Serbian Ambassador to Tunisia
- In office 26 May 2010 – 7 November 2013

Minister of Diaspora
- In office 15 May 2007 – 7 July 2008
- Preceded by: Vojislav Vukčević
- Succeeded by: Srđan Srećković

Personal details
- Born: 29 December 1969 (age 56) Carthage, Tunisia
- Party: Democratic Party
- Education: Panthéon-Assas University Sorbonne University
- Occupation: Politician, diplomat

= Milica Čubrilo =

Serbian politician

Milica Čubrilo - Filipović (Милица Чубрило - Филиповић) is a Serbian politician and diplomat. She served as the Minister of Diaspora from 2007 to 2008. In May 2010, she was appointed Serbian Ambassador to Tunisia, and held the position until November 2013.

==Education and career==
She was born in Carthage, Tunisia in 1969. She graduated in 1992 at the Law School of Panthéon-Assas University. In 1993, she received her MA degree in Anthropology and Law at the Sorbonne.

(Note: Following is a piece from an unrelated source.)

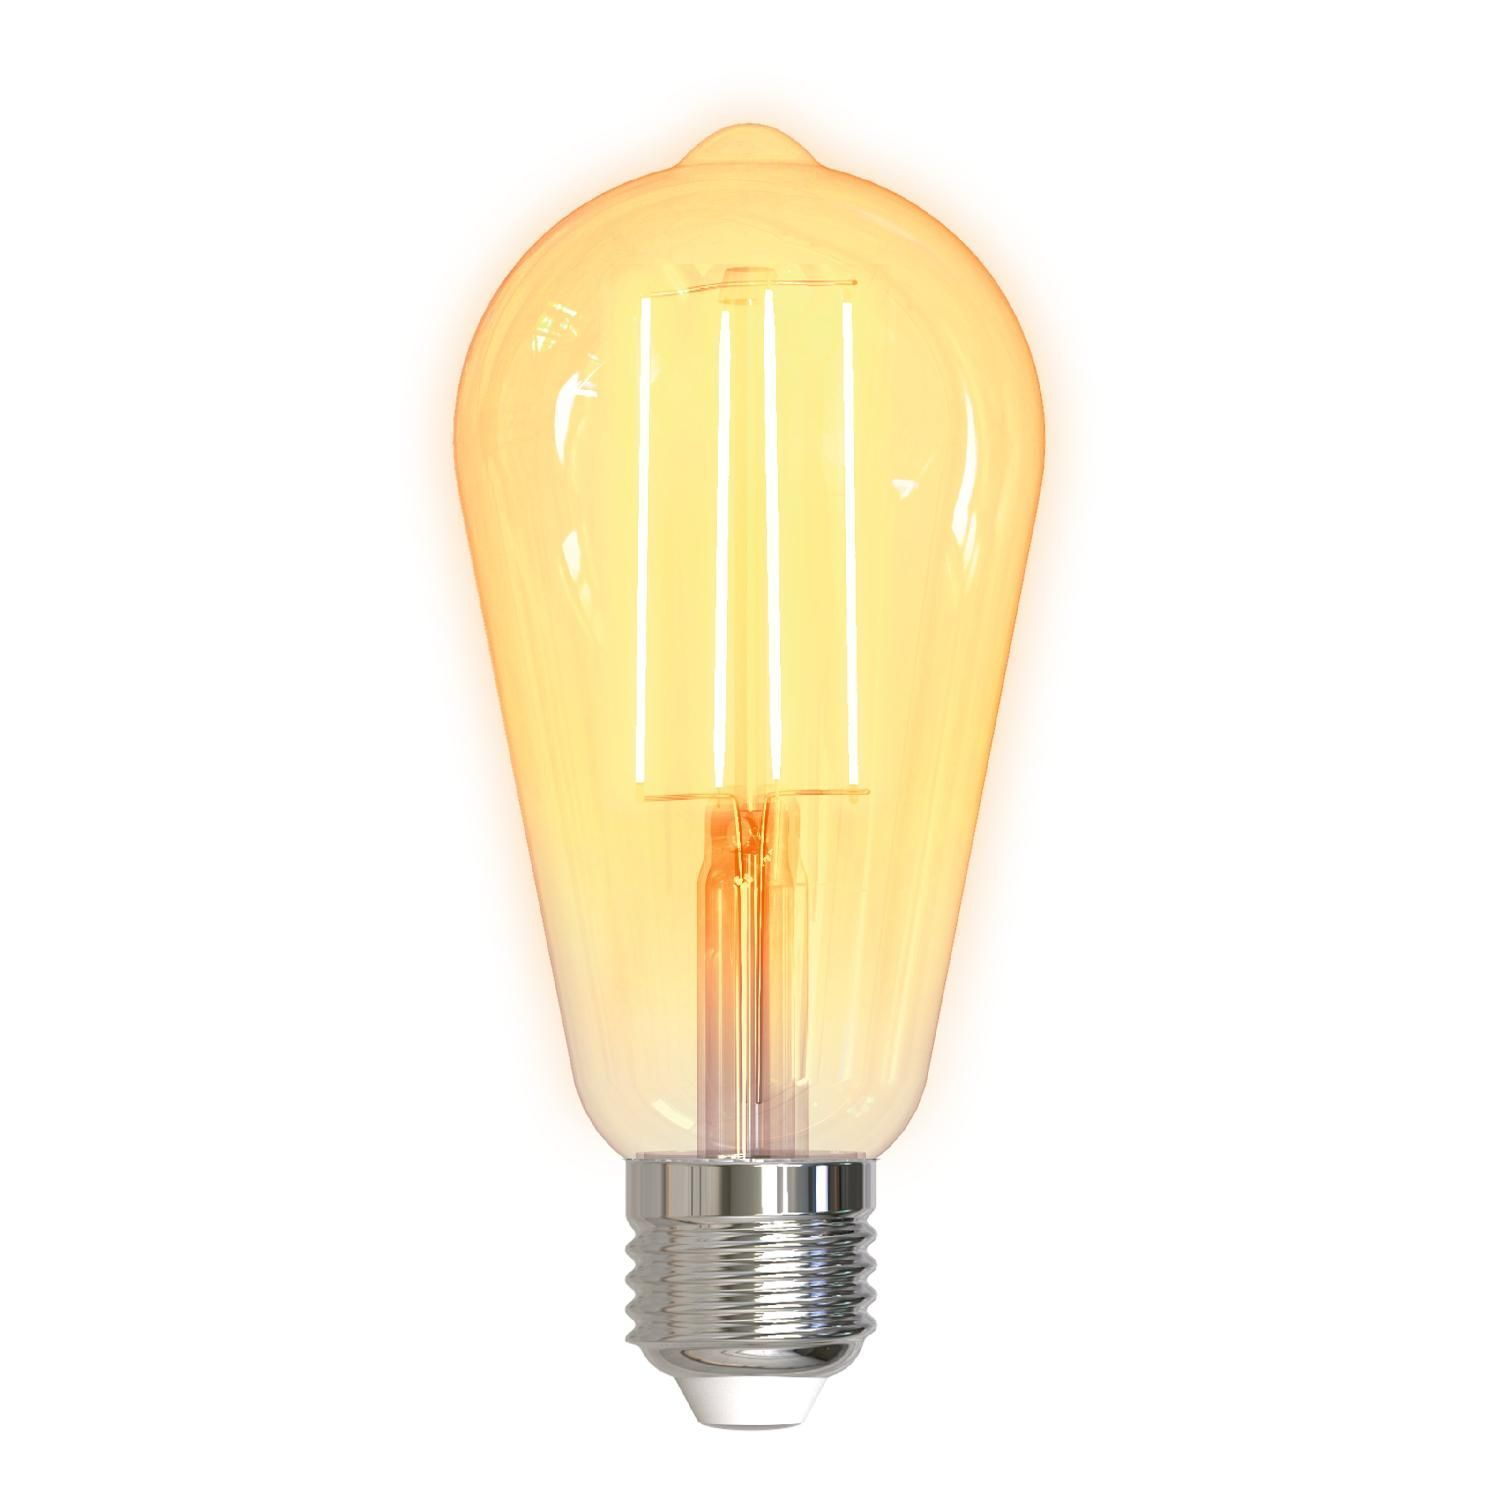 DELTACO SMART HOME SMART E27 Lampe LED weiß dekorative smart HOME Glühbirne

In 2007, prior to taking the post of the Ministry of Diaspora, she worked as a coordinator of the world congress of the International Press Institute (IPI), scheduled to take place in Belgrade in June 2008. In 2006, she was a consultant for the USAID Regional Competitiveness Initiative, on the strategy and promotion of tourism in the Balkans. From 2003 to 2006, she was the director of the Tourist Organisation of Serbia (TOS). She was in charge of promoting Serbia as a tourist destination, as well as coordinating 80 tourist local organisations in Serbia. During her term, Serbia was featured in over 300 media worldwide, and promoted in all major tourist fairs. As a result, in three years, the number of foreign visitors went up by 60% and the income from the tourist industry was 7 times higher. In 2005, Lonely Planet voted Serbia one of the ten most interesting destinations in the world. From 2001 to 2003, she worked as a correspondent for Le Figaro, La Croix, Radio France Internationale.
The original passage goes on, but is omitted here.